Copy the following pipeline code to the new created file, which triggers on push, checks the web app’s background color by the help-script check_and_rollback.sh which rolls back if the color is a warm tone:
Code
The file can be found at ~/exercise/kubernetes/Argo/color-guard.yaml.
name: Color Guard Pipeline
on:
push:
branches:
- main
jobs:
deploy:
runs-on: [workshop]
container:
image: node:20-bullseye
steps:
- name: Install dependencies
run: |
apt-get update
apt-get install -y curl
- name: Install ArgoCD CLI
run: |
curl -sSL -o /usr/local/bin/argocd https://github.com/argoproj/argo-cd/releases/latest/download/argocd-linux-amd64
chmod +x /usr/local/bin/argocd
- name: Install kubectl
run: |
curl -LO "https://dl.k8s.io/release/$(curl -L -s https://dl.k8s.io/release/stable.txt)/bin/linux/amd64/kubectl"
chmod +x kubectl
mv kubectl /usr/local/bin/
- name: ArgoCD Login
env:
ARGOCD_URL: ${{ secrets.ARGOCD_URL }}
ARGOCD_USERNAME: ${{ secrets.ARGOCD_USERNAME }}
ARGOCD_PASSWORD: ${{ secrets.ARGOCD_PASSWORD }}
run: |
echo DEBUG: referenced var is ${{ secrets.ARGOCD_URL }}, ${{ secrets.ARGOCD_USERNAME }}, ${{ secrets.ARGOCD_PASSWORD }}
echo DEBUG: env var is $ARGOCD_URL, $ARGOCD_URL, $ARGOCD_PASSWORD
argocd login ${{ secrets.ARGOCD_URL }} \
--username ${{ secrets.ARGOCD_USERNAME }} \
--password ${{ secrets.ARGOCD_PASSWORD }} \
--grpc-web \
--insecure
# - name: Deploy application via ArgoCD CLI
# run: |
# argocd app sync myapp --prune --wait
- name: Set kubeconfig
run: |
mkdir -p ~/.kube
echo "${{ secrets.KUBECONFIG_DATA }}" > ~/.kube/config
- uses: actions/checkout@v4
- name: Check deployed color and rollback if warm
env:
ARGOCD_URL: ${{ secrets.ARGOCD_URL }}
ARGOCD_USERNAME: ${{ secrets.ARGOCD_USERNAME }}
ARGOCD_PASSWORD: ${{ secrets.ARGOCD_PASSWORD }}
run: |
chmod +x ./check_and_rollback.sh
./check_and_rollback.sh
On the git server https://gitea.<workshop_id>.k8s.workshop.thinkport.cloud/, go to Settings -> Actions -> Secrets, add the secrets which can be parsed when the pipeline is running.
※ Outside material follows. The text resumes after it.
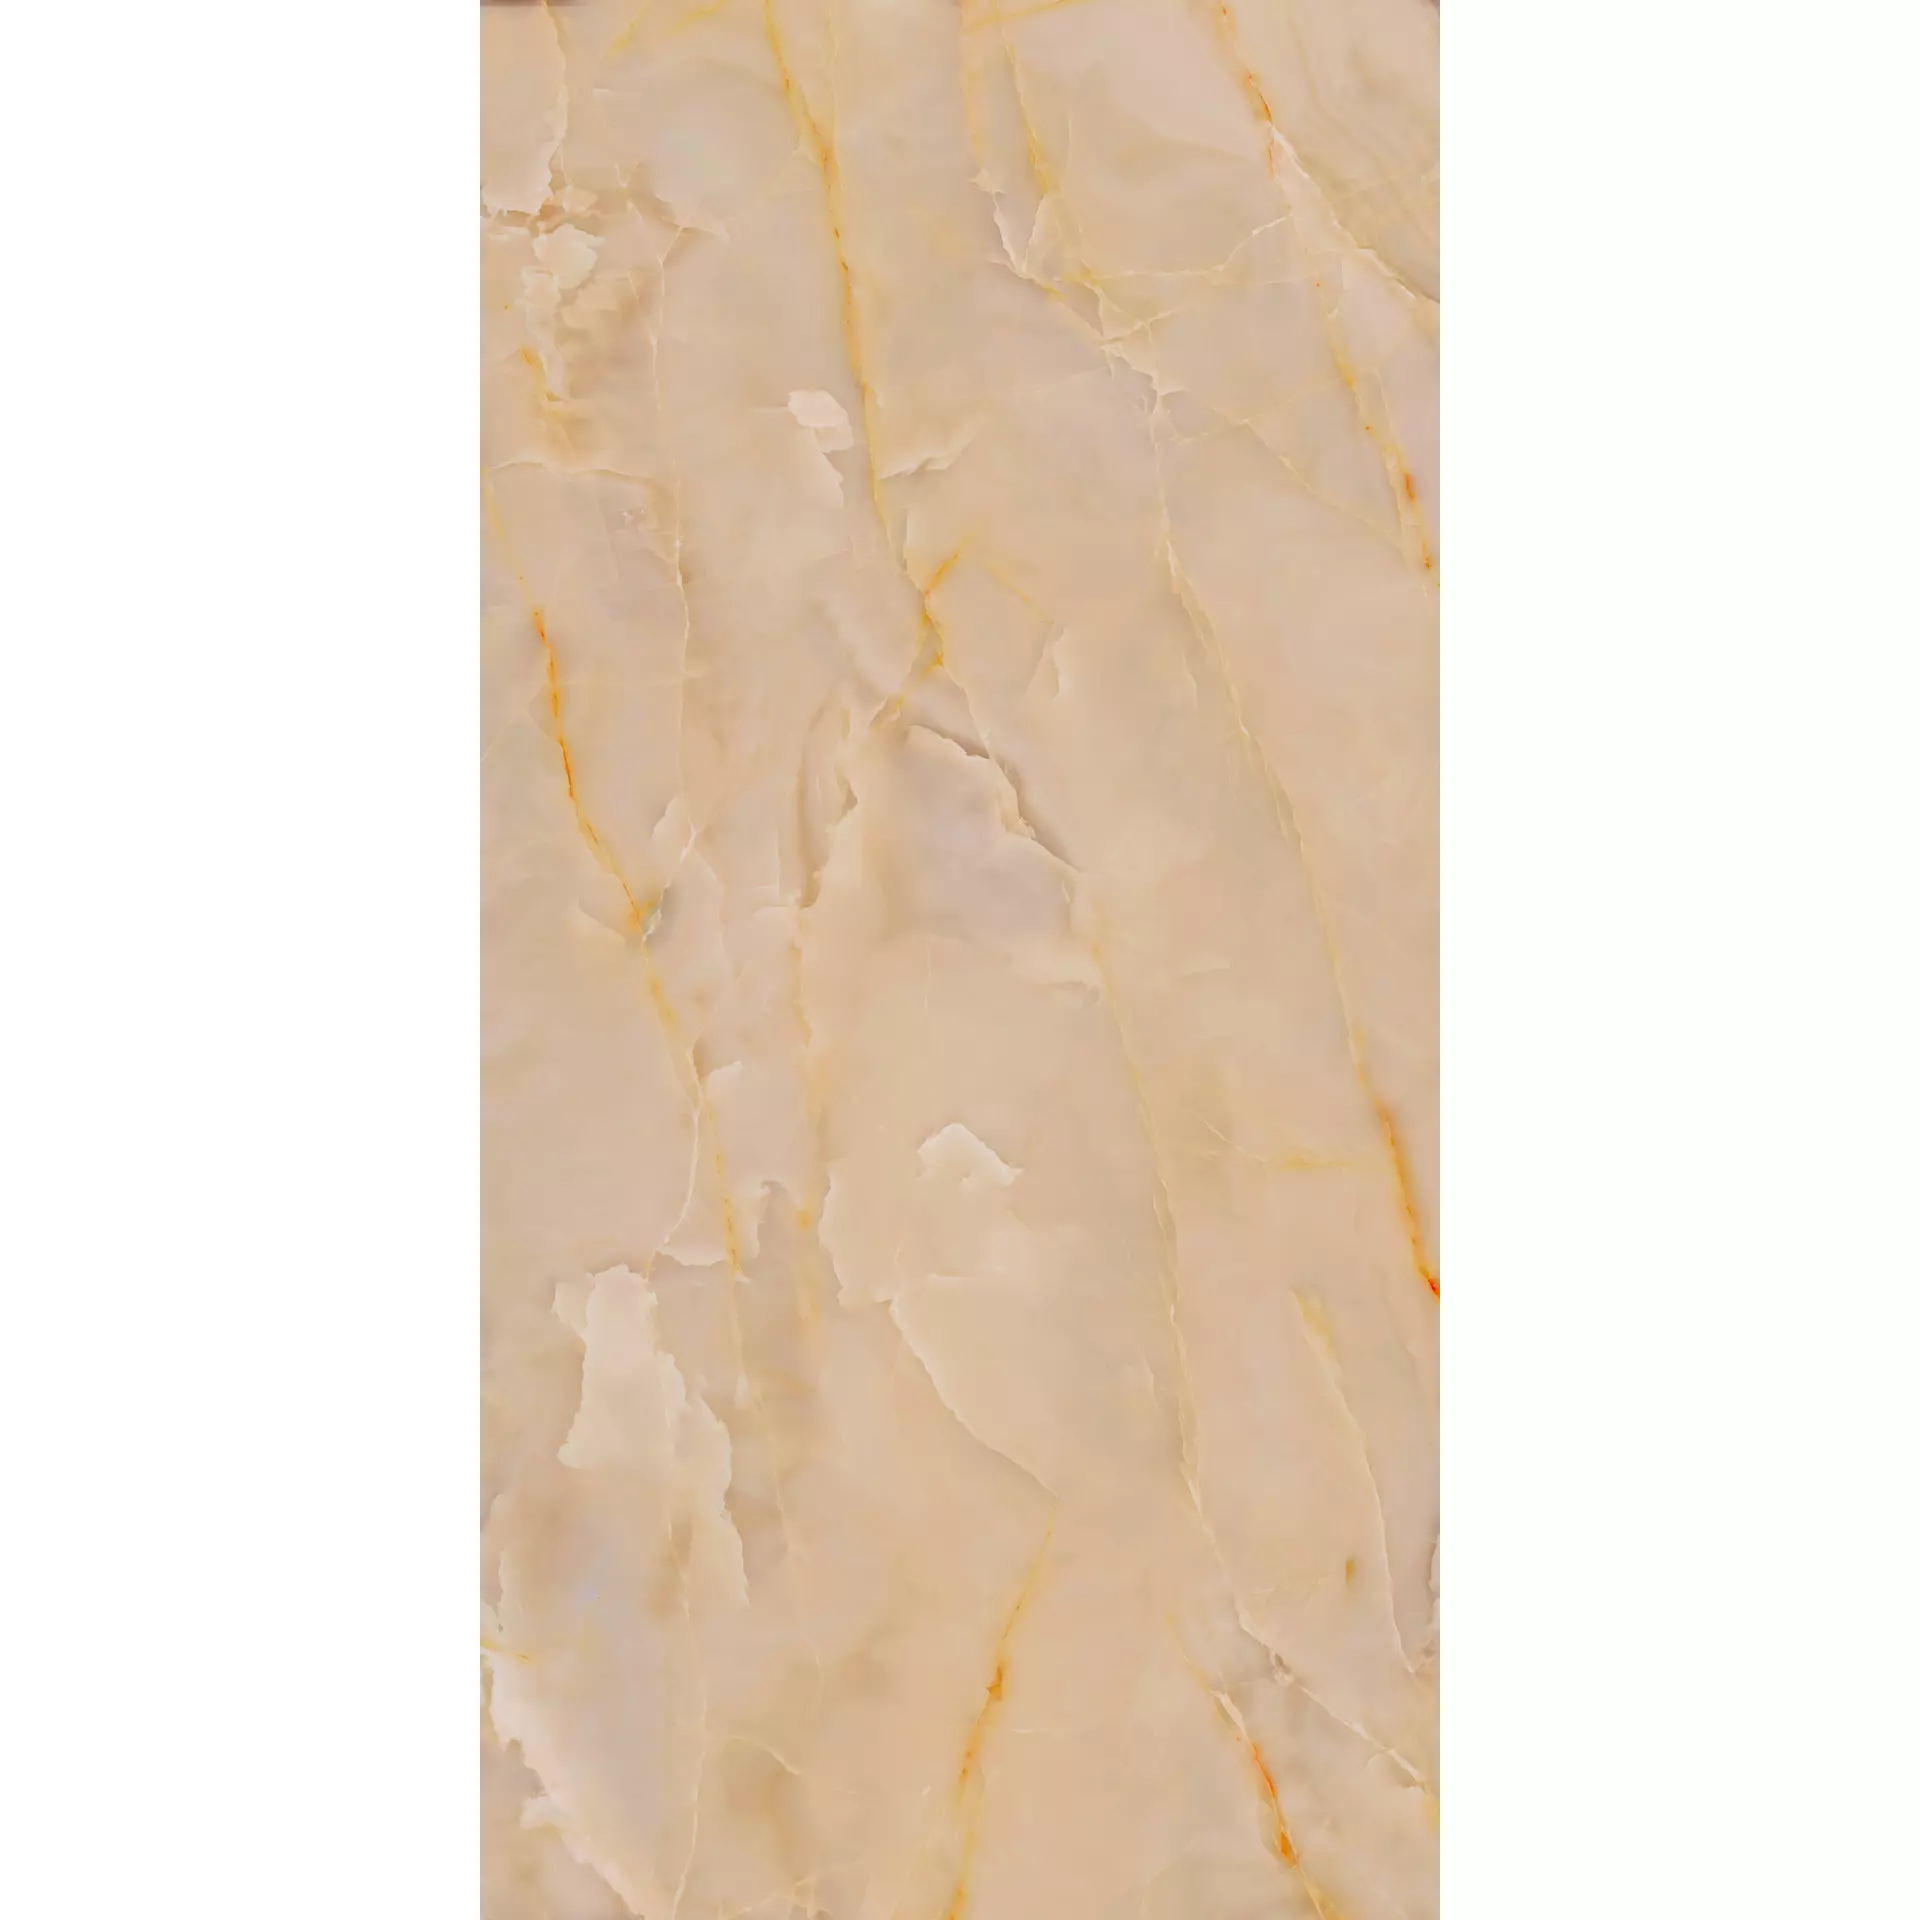 Marazzi Grande Marble Look Onice Beige Lux Onice Beige METP glaenzend 160x320cm stuoiato rektifiziert 6mm

Add the following secrets:
ARGOCD_URL: argocd.<clustername>.<workshopID>.k8s.workshop.thinkport.cloud
ARGOCD_USERNAME: admin
ARGOCD_PASSWORD: <your_password>
KUBECONFIG_DATA: <content_in_kubeconfig>
After adding those secrets, commit and push the code! You will see the pipeline get triggered!
Because the pipeline is set to be triggered when push action executed on main branch.
Automatic Rollback
Once the pipeline is triggered, monitor the background color changes in the web application.
If a warm color is detected, the pipeline automatically initiates a rollback to the previous stable state.
You can further experiment by modifying the color detection logic, integrating additional rollback conditions, or extending the pipeline to include automated notifications and post-rollback validations.
Bonus Task
This task will be showed as demo afterwards!
- Create a new repository in GitTea by clicking at the + sign in the upper right corner
- Initialize your repository with the files of your Guestbook Helm chart of Day 1
- Delete your old deployment (deleting the namespace)
- Add the repository to argo and deploy the guestbook!